- _Work instructions_
Please restate the data that follows word for word, with the pictures left out.

- _Information shown_
▬▬▬▬▬▬
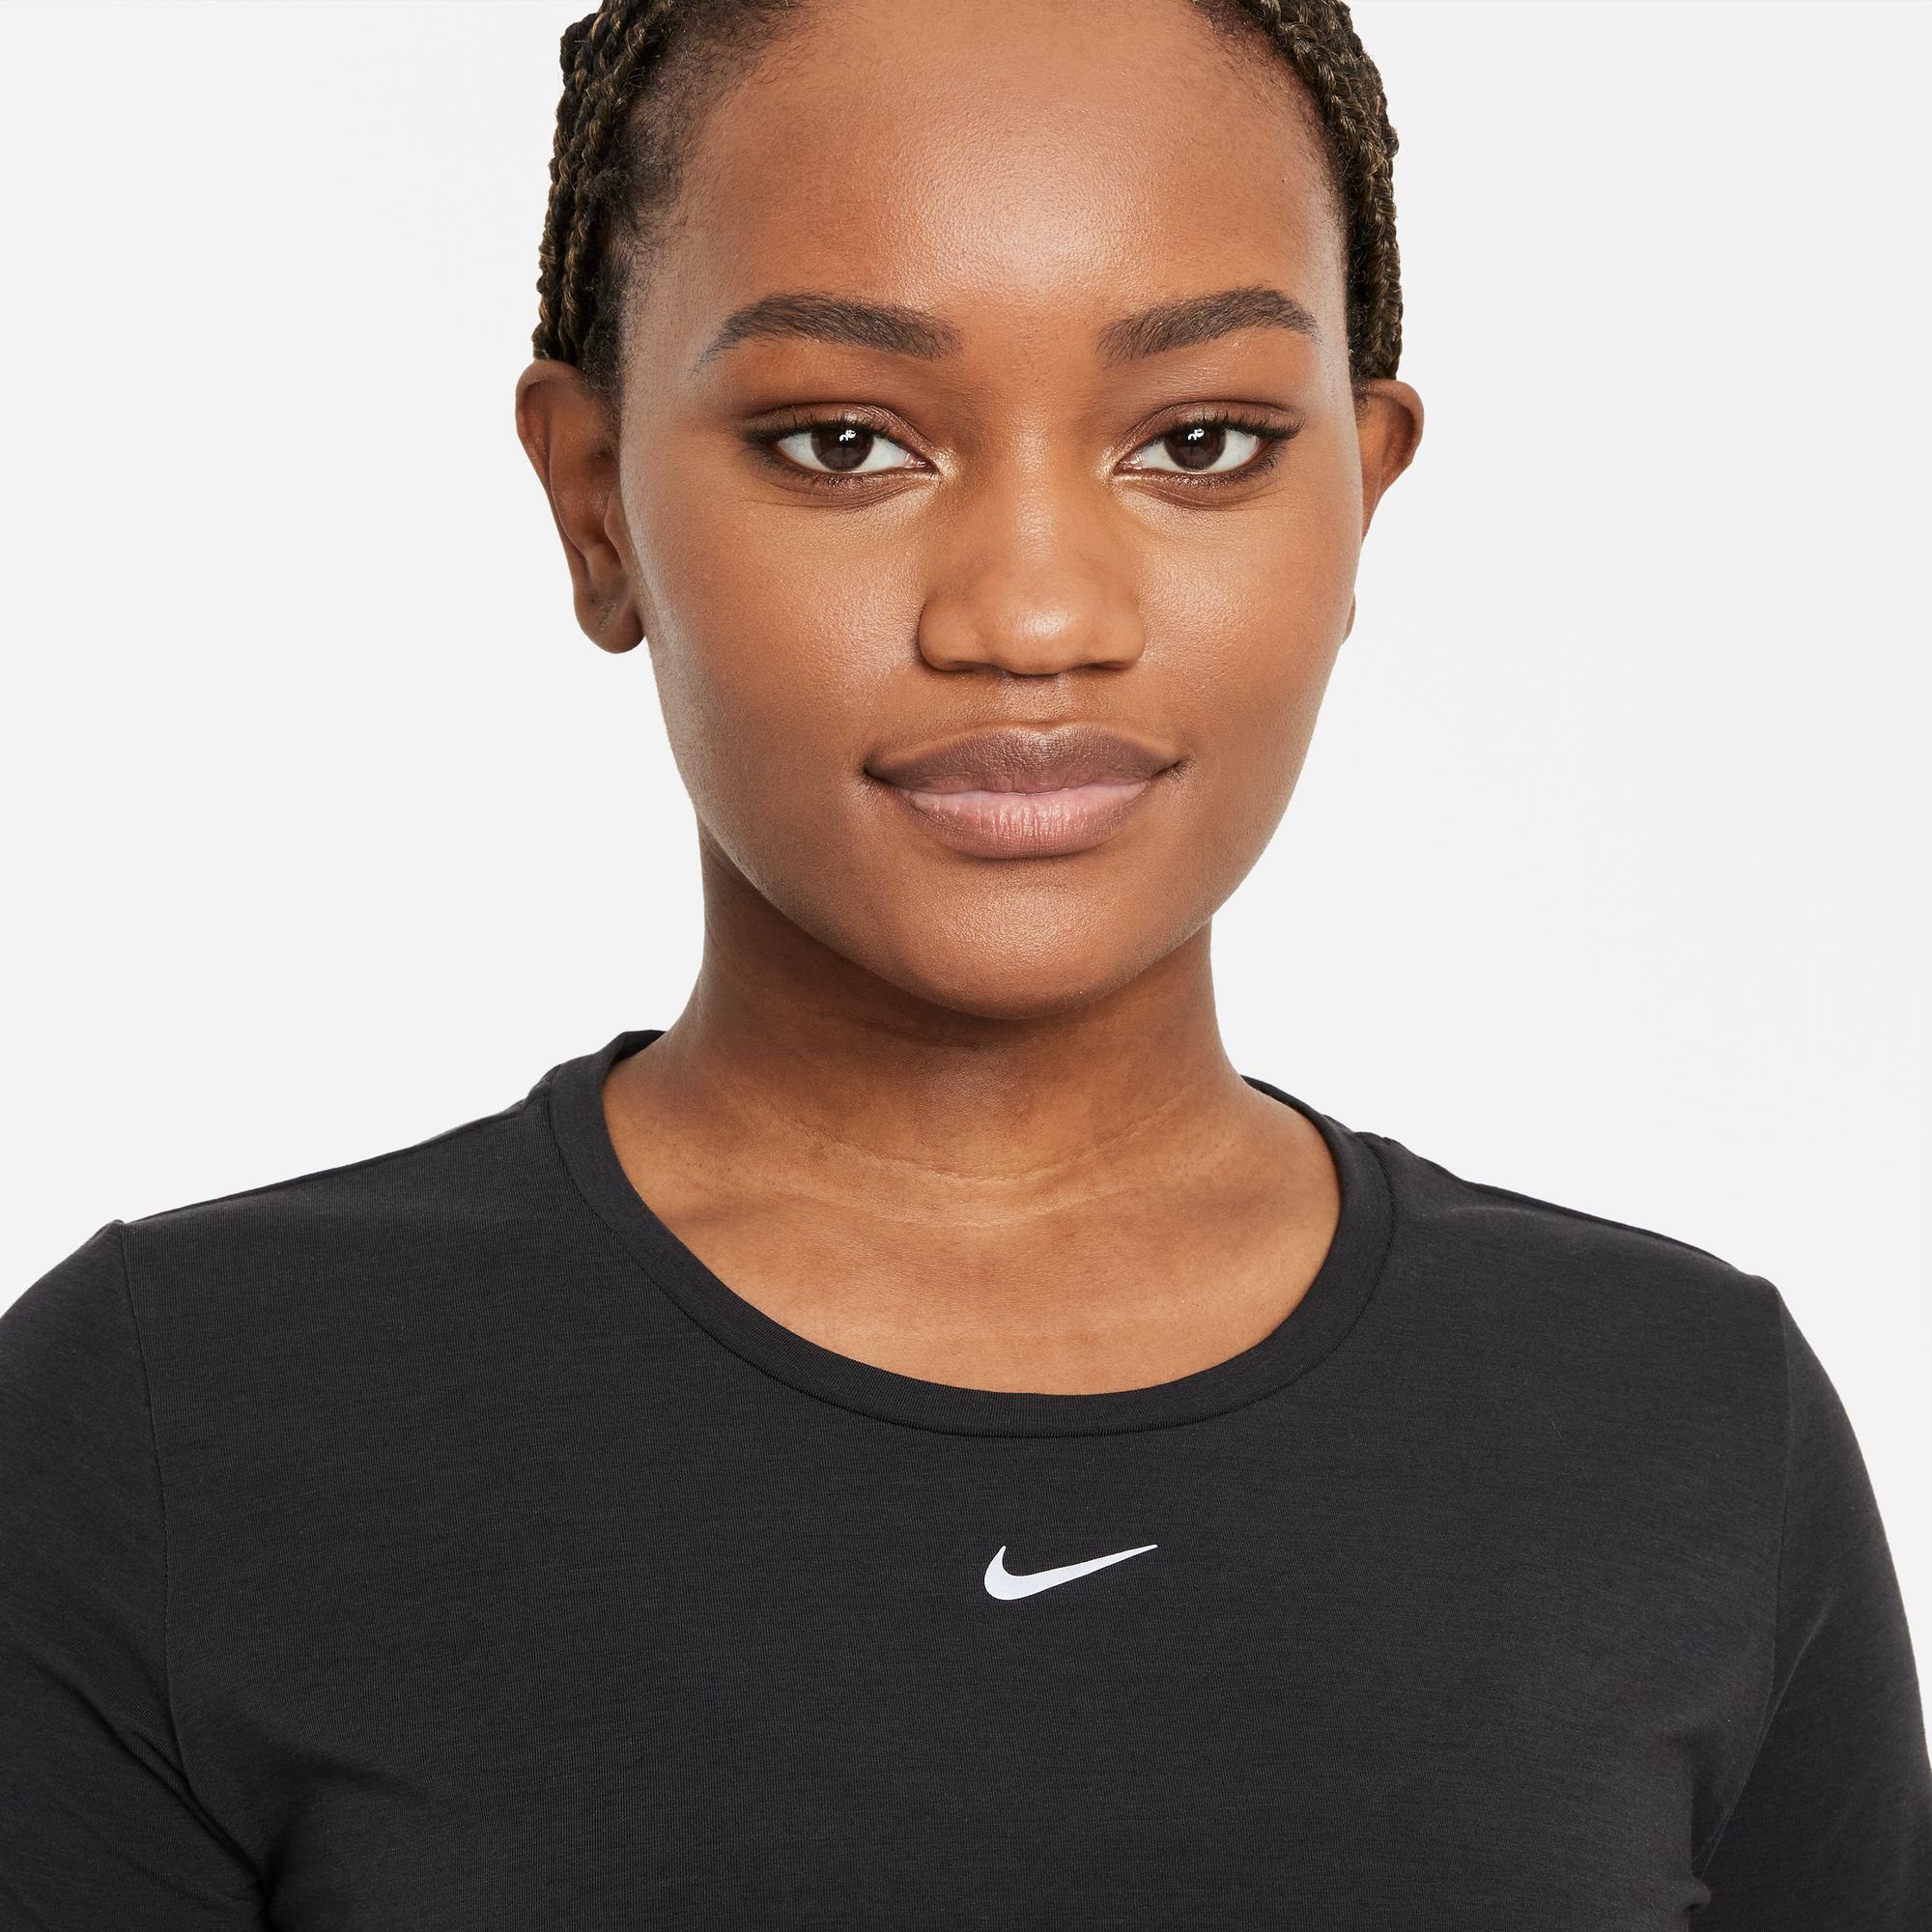 Nike Trainingsshirt DRI-FIT UV WOMEN'S schwarz TOP FIT LUXE STANDARD ONE SHORT-SLEEVE
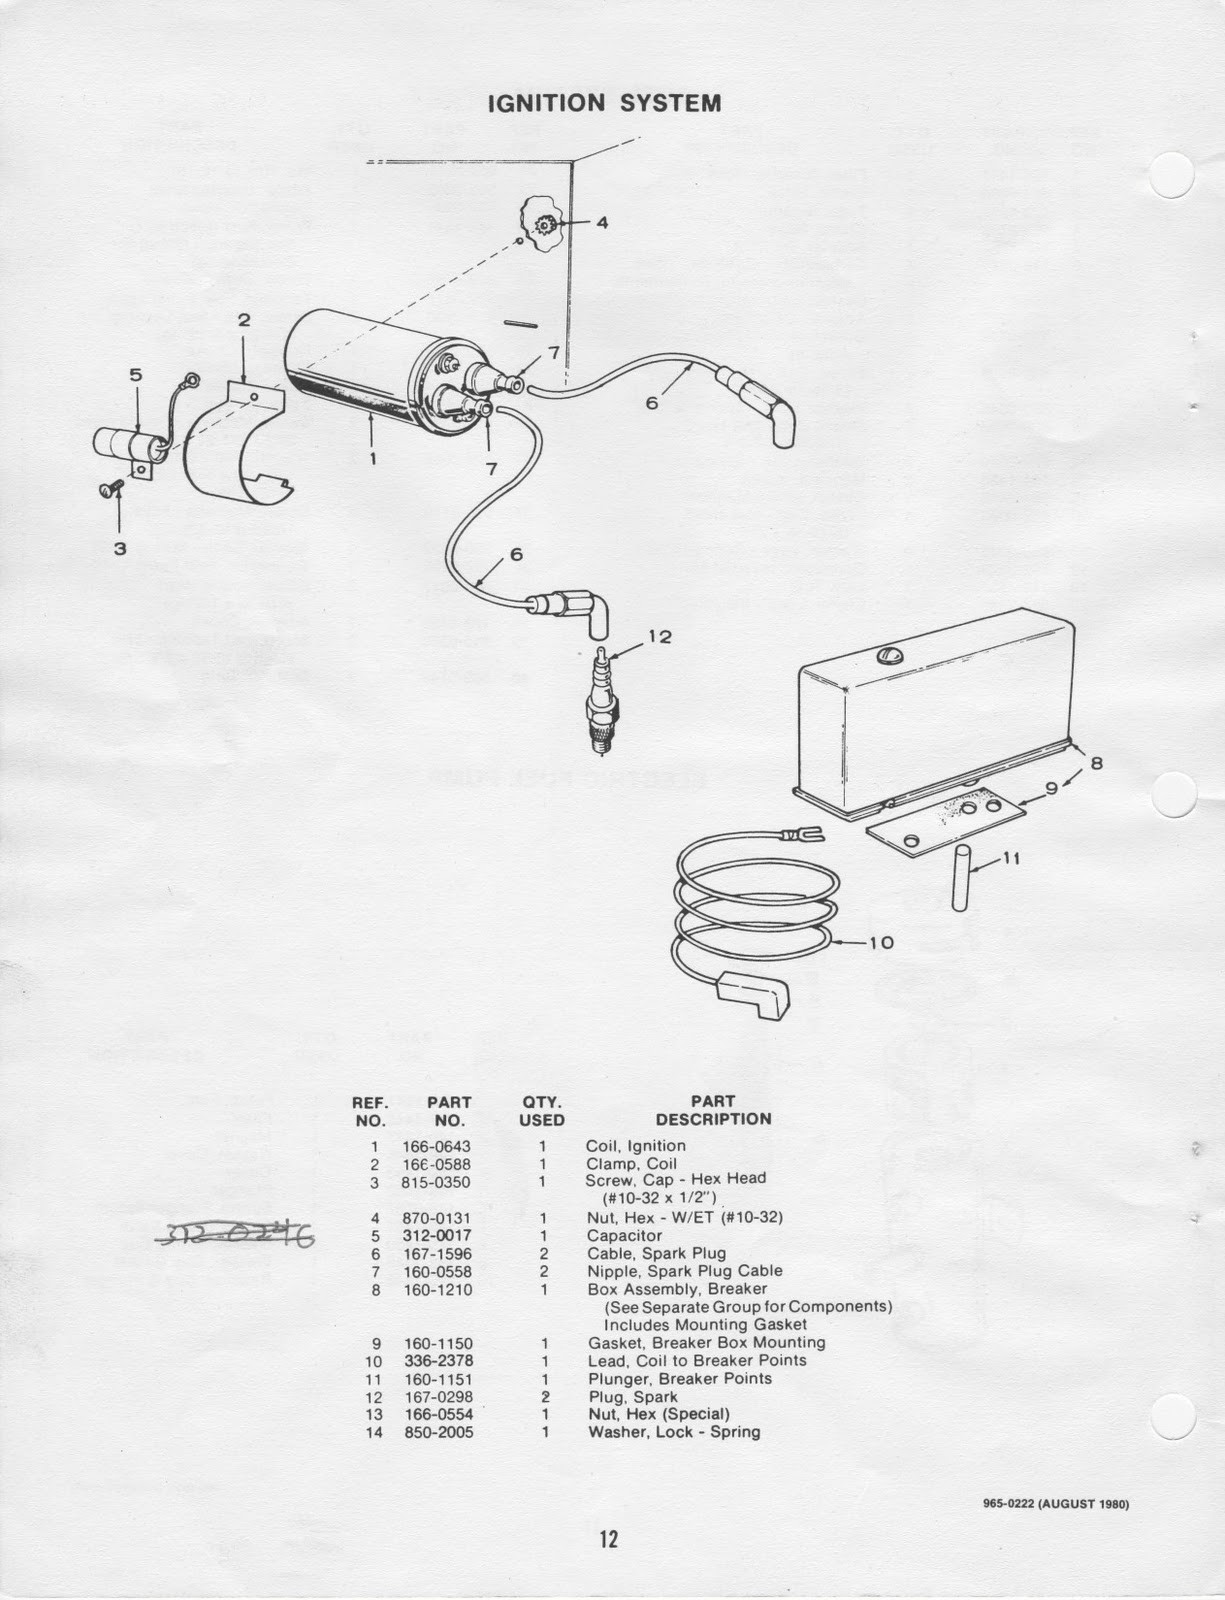 ONAN BFA RV Genset Parts Manual
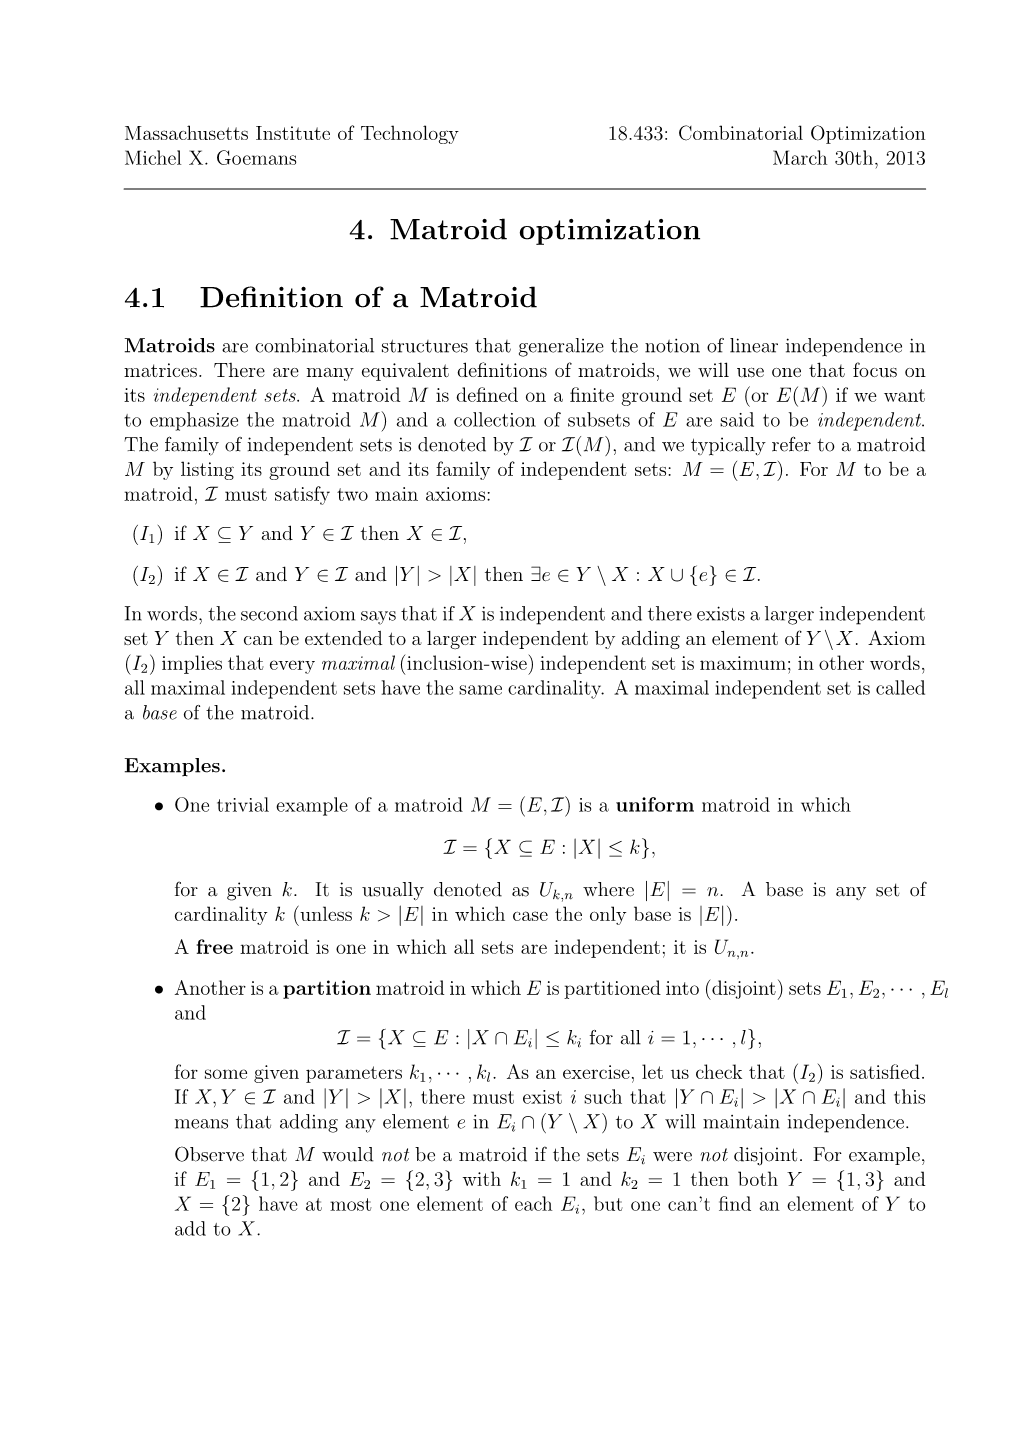 4. Matroid Optimization 4.1 Definition of a Matroid
▬▬▬▬▬▬
- _Completed task_
 Nike Trainingsshirt DRI-FIT UV WOMEN'S schwarz TOP FIT LUXE STANDARD ONE SHORT-SLEEVE
 ONAN BFA RV Genset Parts Manual
 4. Matroid Optimization 4.1 Definition of a Matroid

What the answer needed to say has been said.